* _Exercise aim_: Exclude the pictures and transcribe the rest of the data below exactly.

* _Material provided_:
^^^^^^^^^^^^^^^^
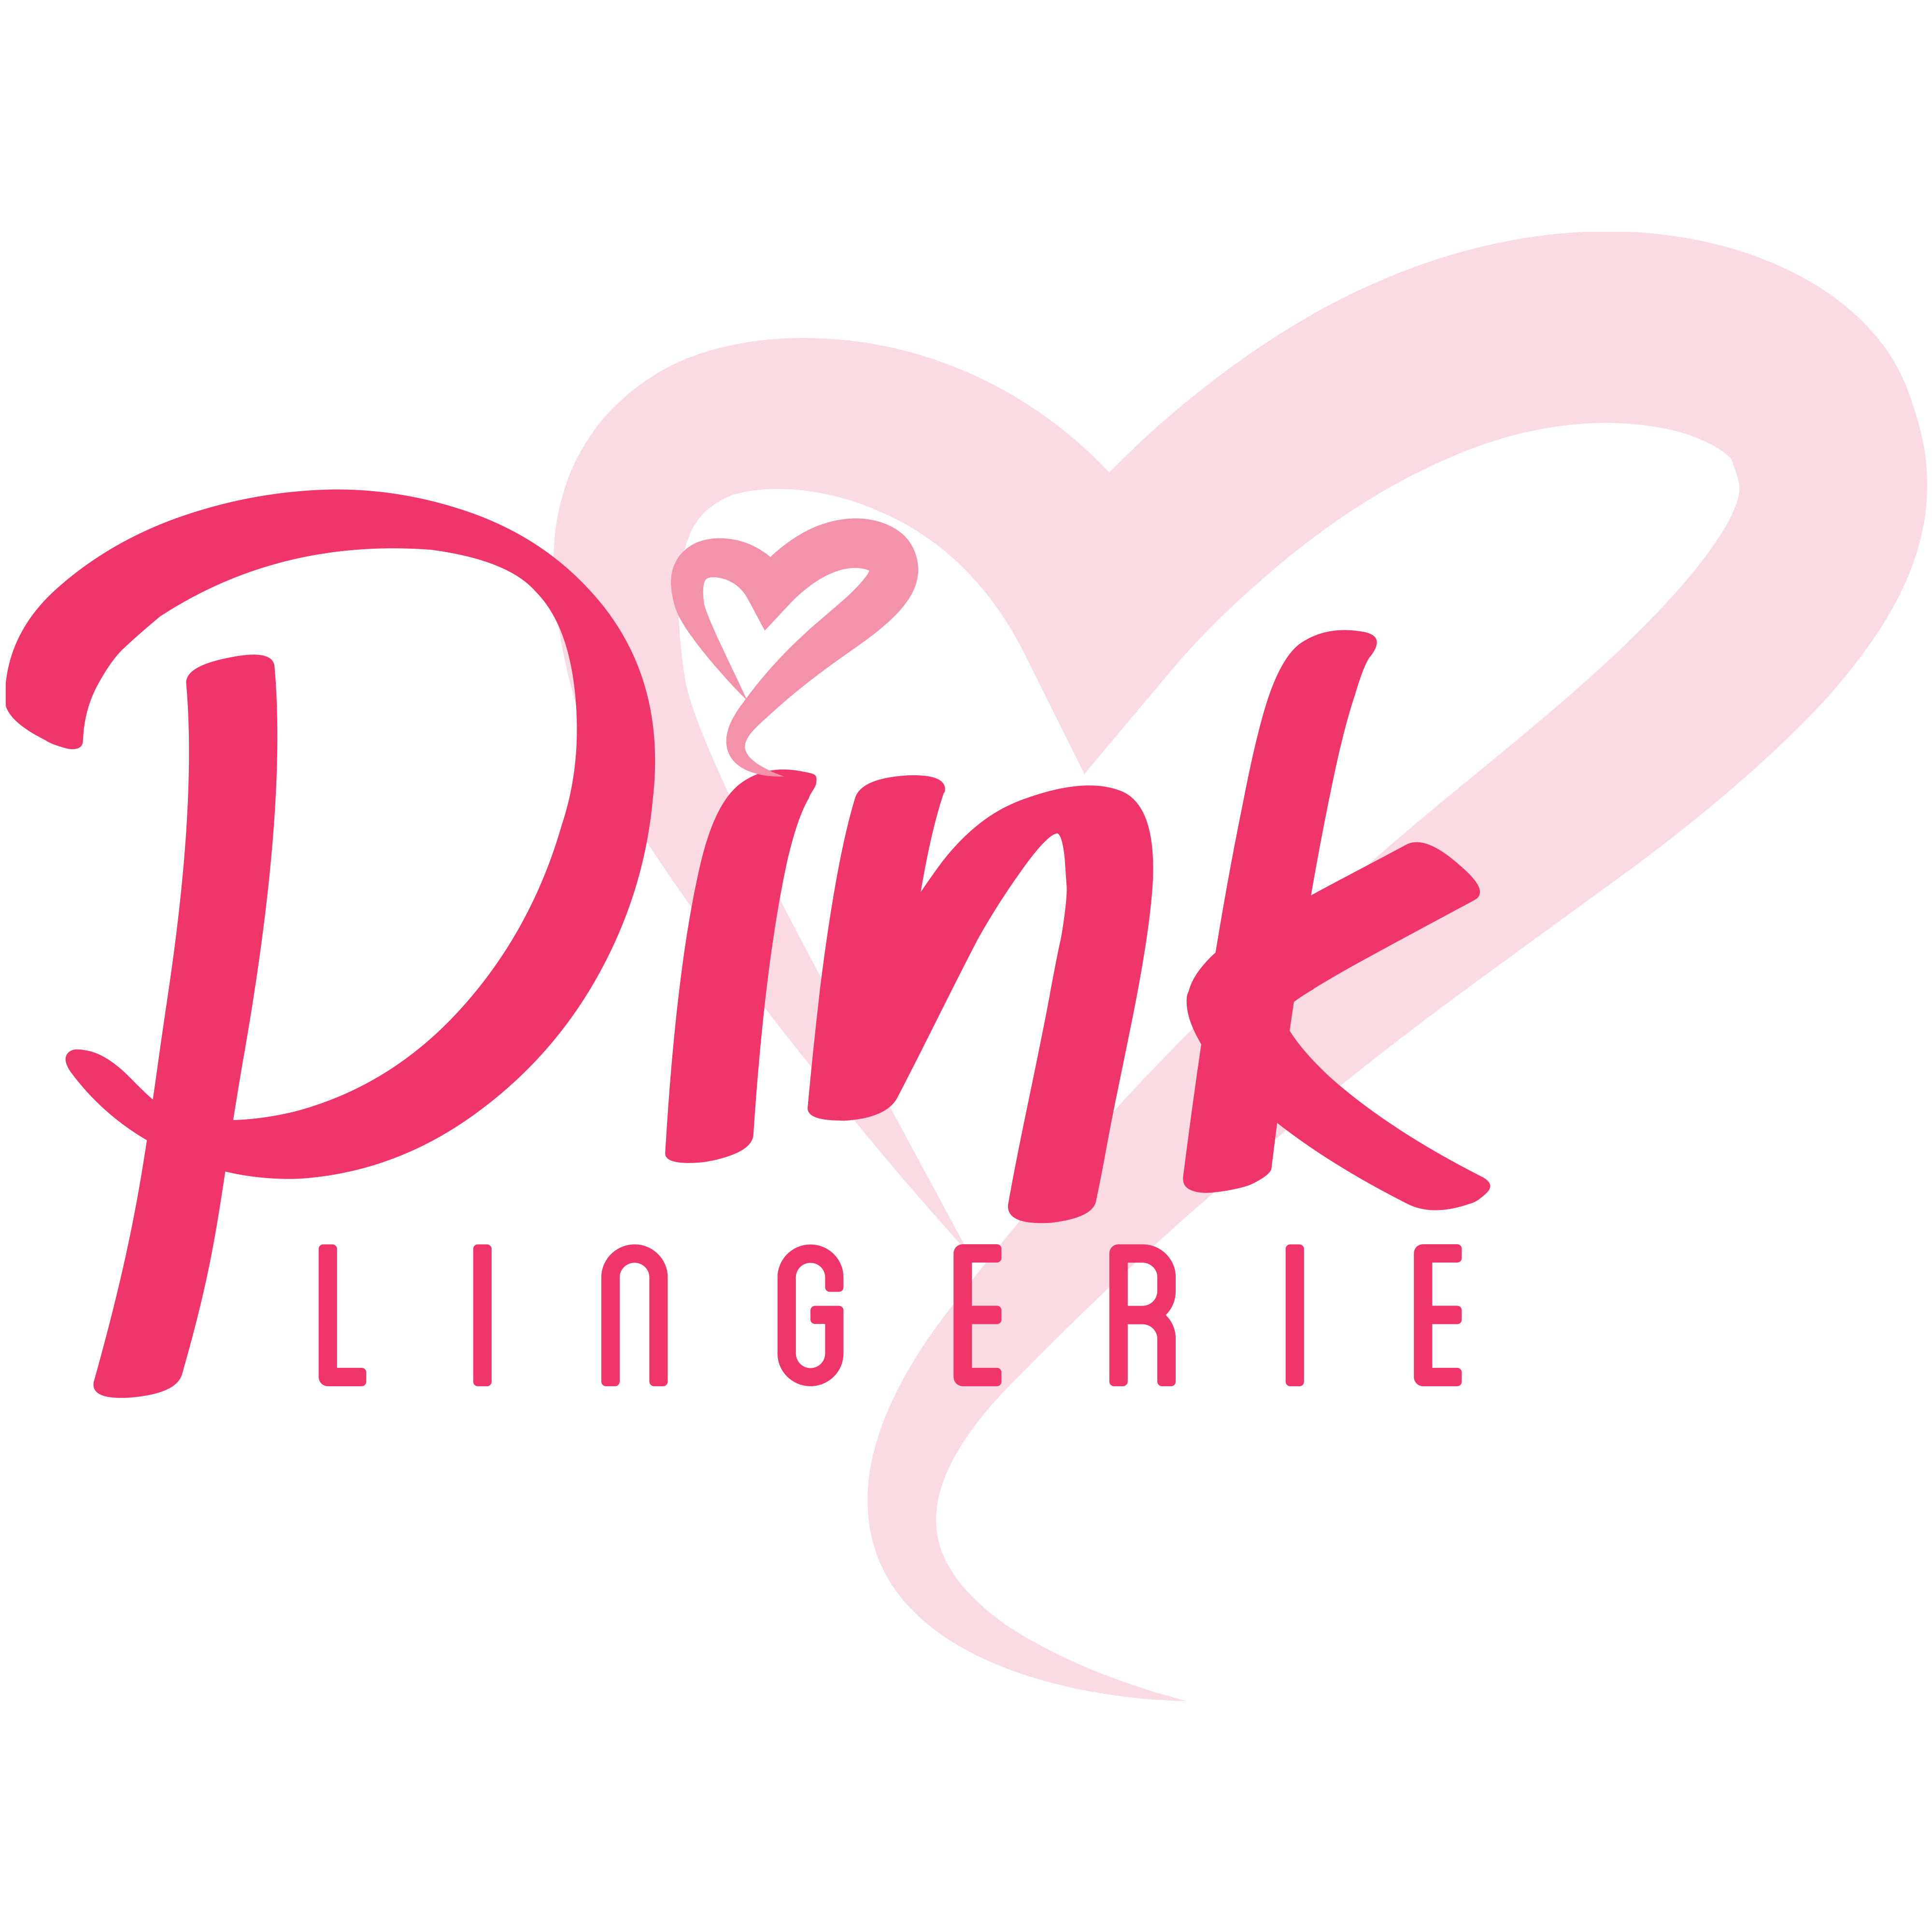 Como Comprar - Pink Lingerie
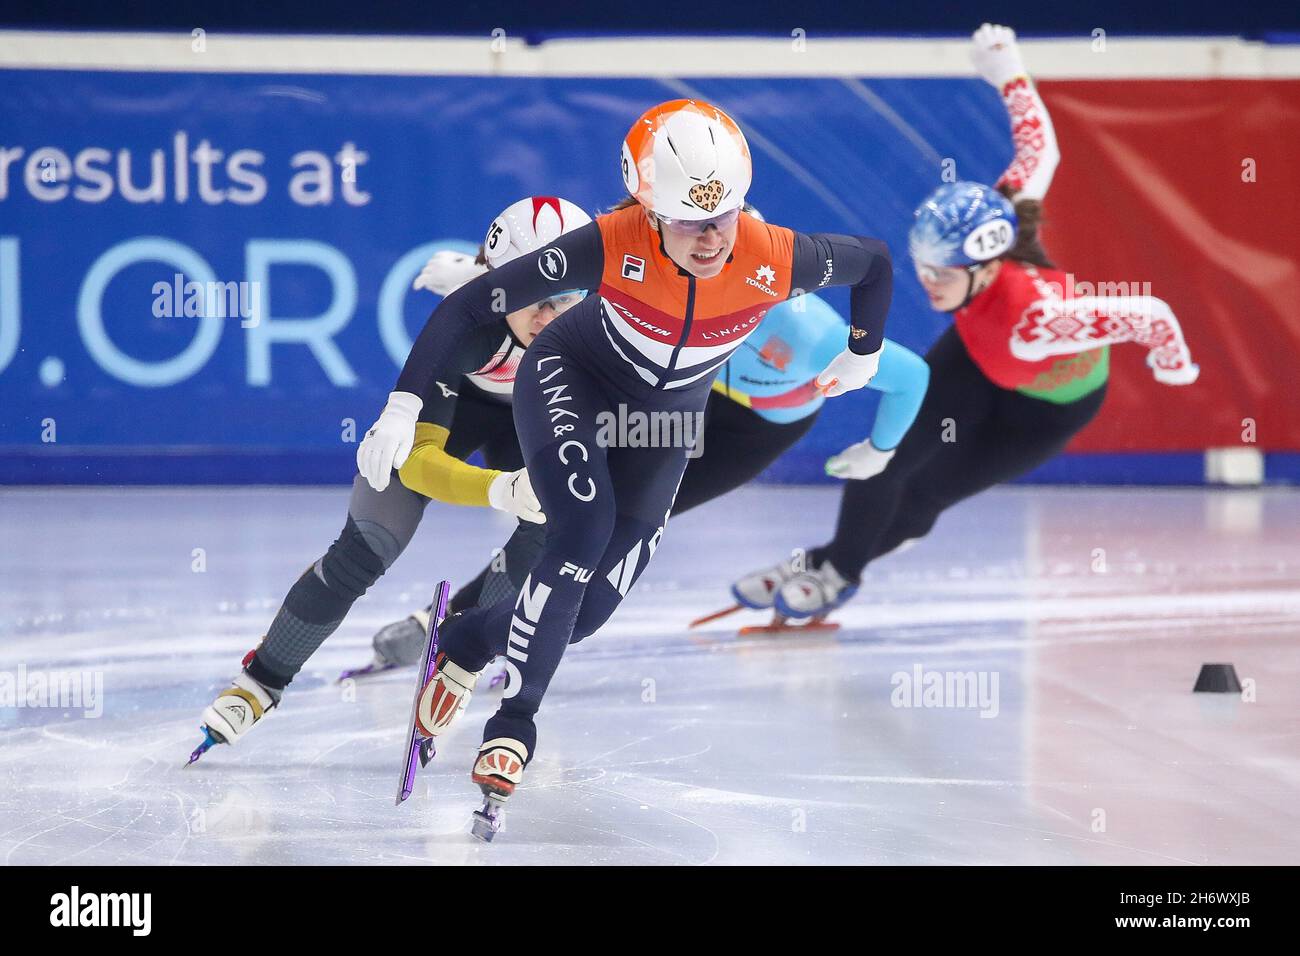 DEBRECEN, HUNGARY - NOVEMBER 18: Yara van Kerkhof of The Netherlands  competing during the ISU World Cup Short Track Speed Skating at Fonix Arena  on November 18, 2021 in Debrecen, Hungary (Photo
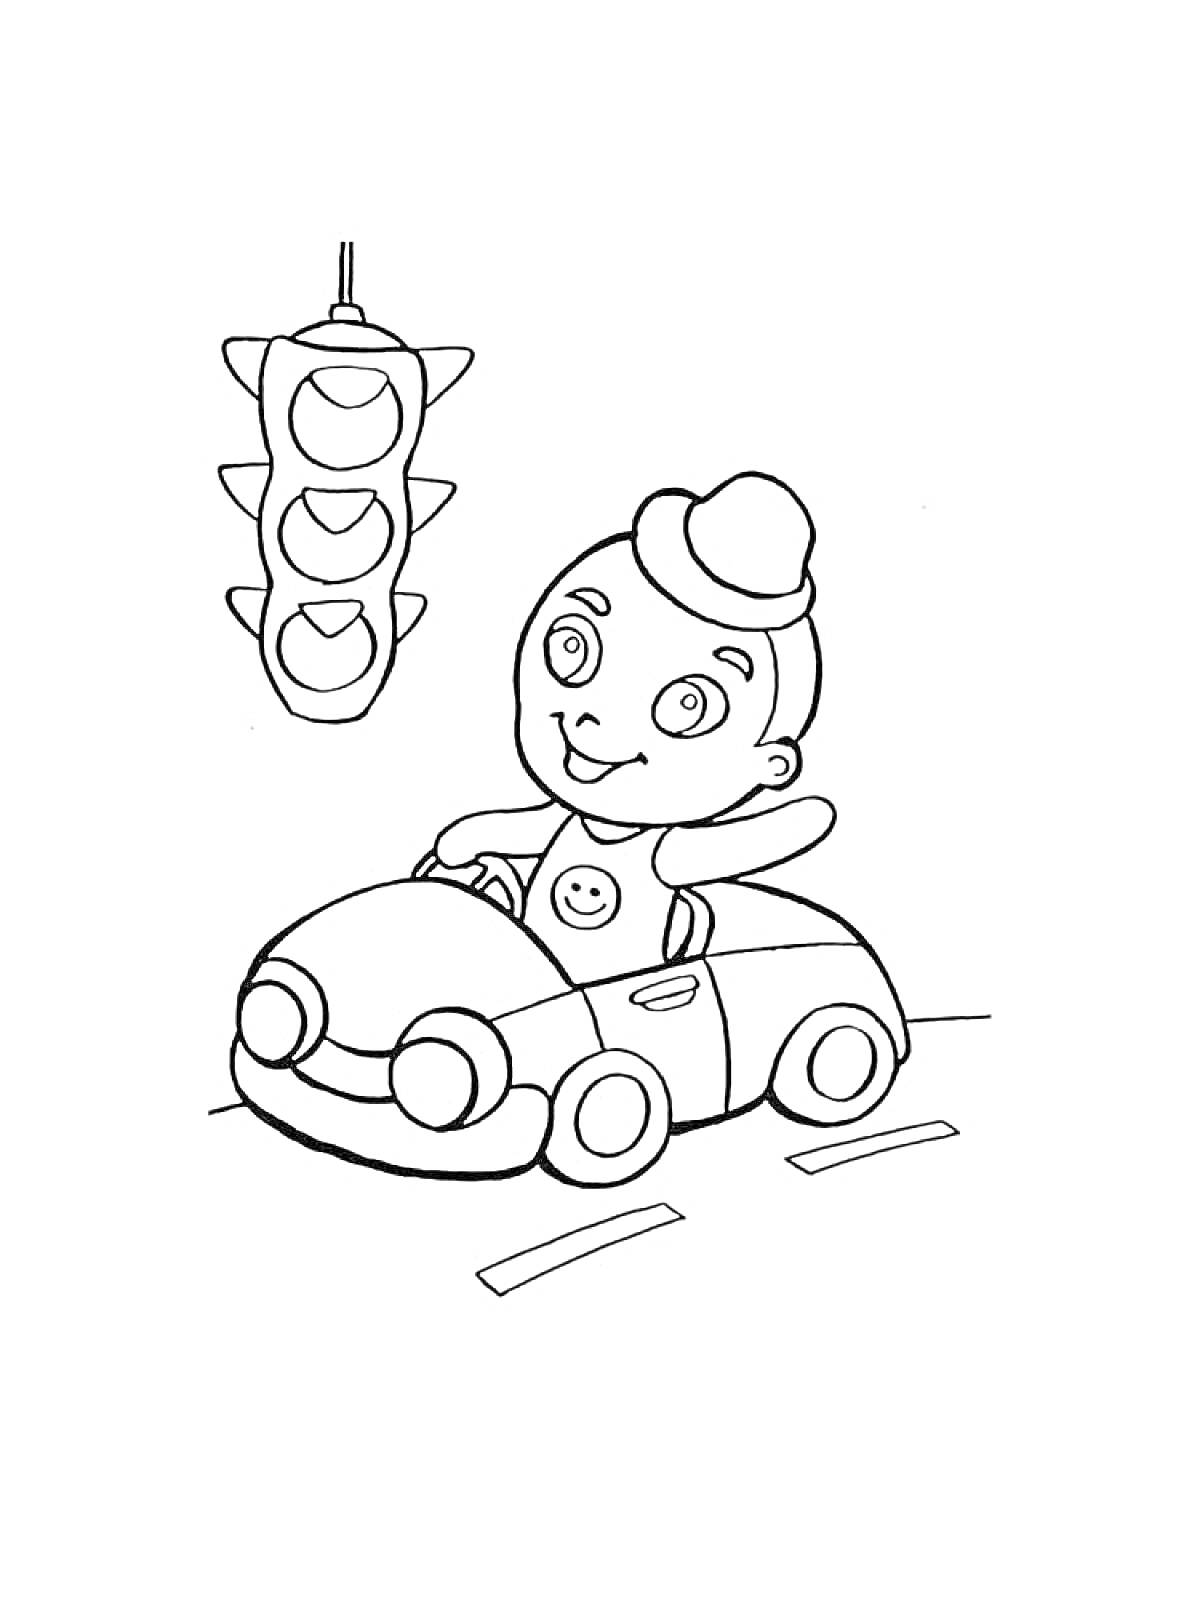 Ребенок в машине под светофором
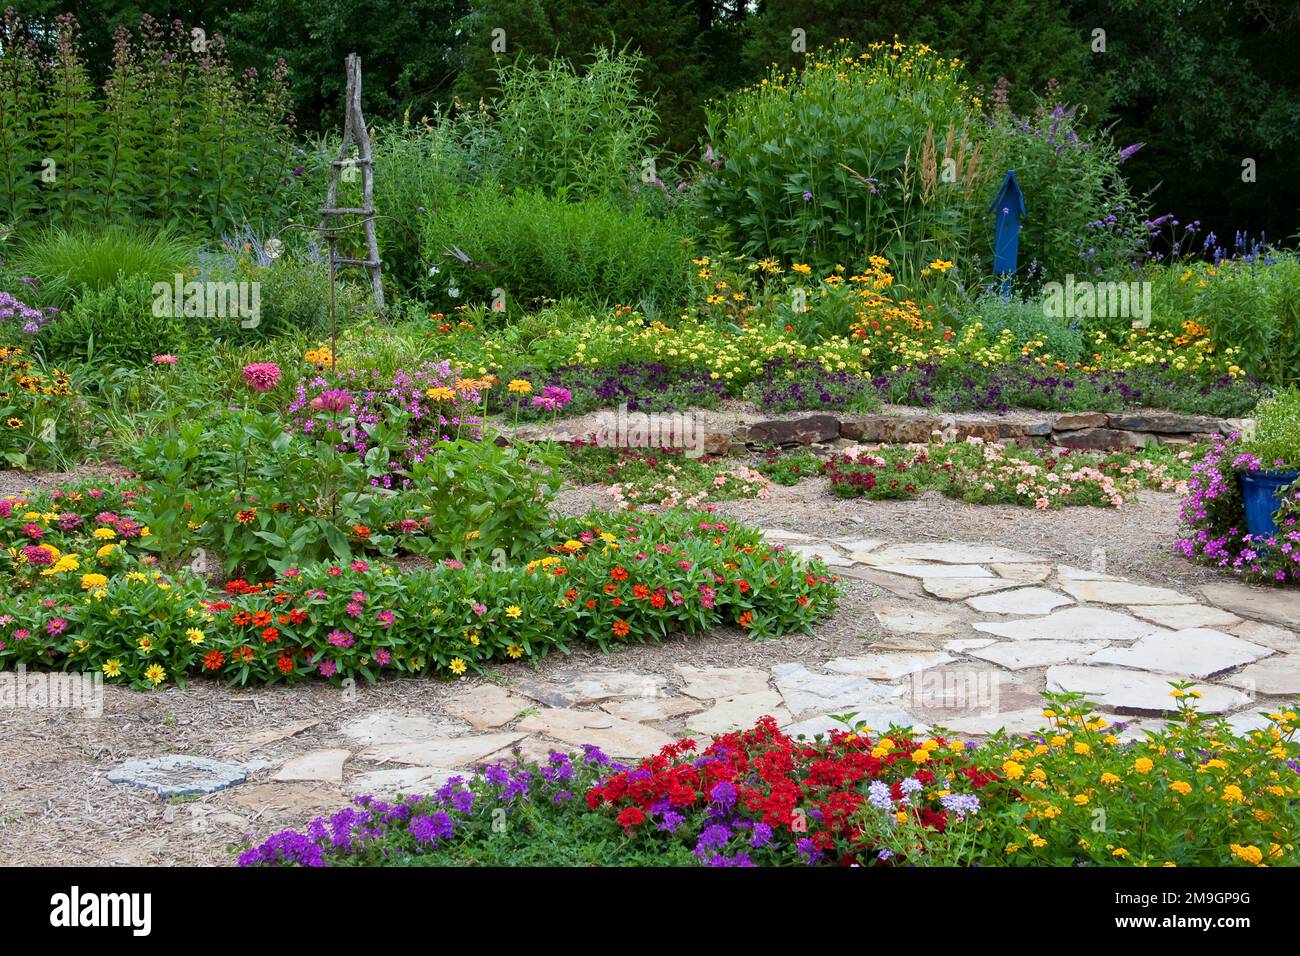 63821-21912 Flower garden with stone paths, blue pots, birdhouse, obelisk.  Black-eyed Susans (Rudbeckia hirta), zinnias, red & purple verbenas (Verbe Stock Photo
^^^^^^^^^^^^^^^^
* _Task solution_:
 Como Comprar - Pink Lingerie
 DEBRECEN, HUNGARY - NOVEMBER 18: Yara van Kerkhof of The Netherlands  competing during the ISU World Cup Short Track Speed Skating at Fonix Arena  on November 18, 2021 in Debrecen, Hungary (Photo
 Ребенок в машине под светофором
 63821-21912 Flower garden with stone paths, blue pots, birdhouse, obelisk.  Black-eyed Susans (Rudbeckia hirta), zinnias, red & purple verbenas (Verbe Stock Photo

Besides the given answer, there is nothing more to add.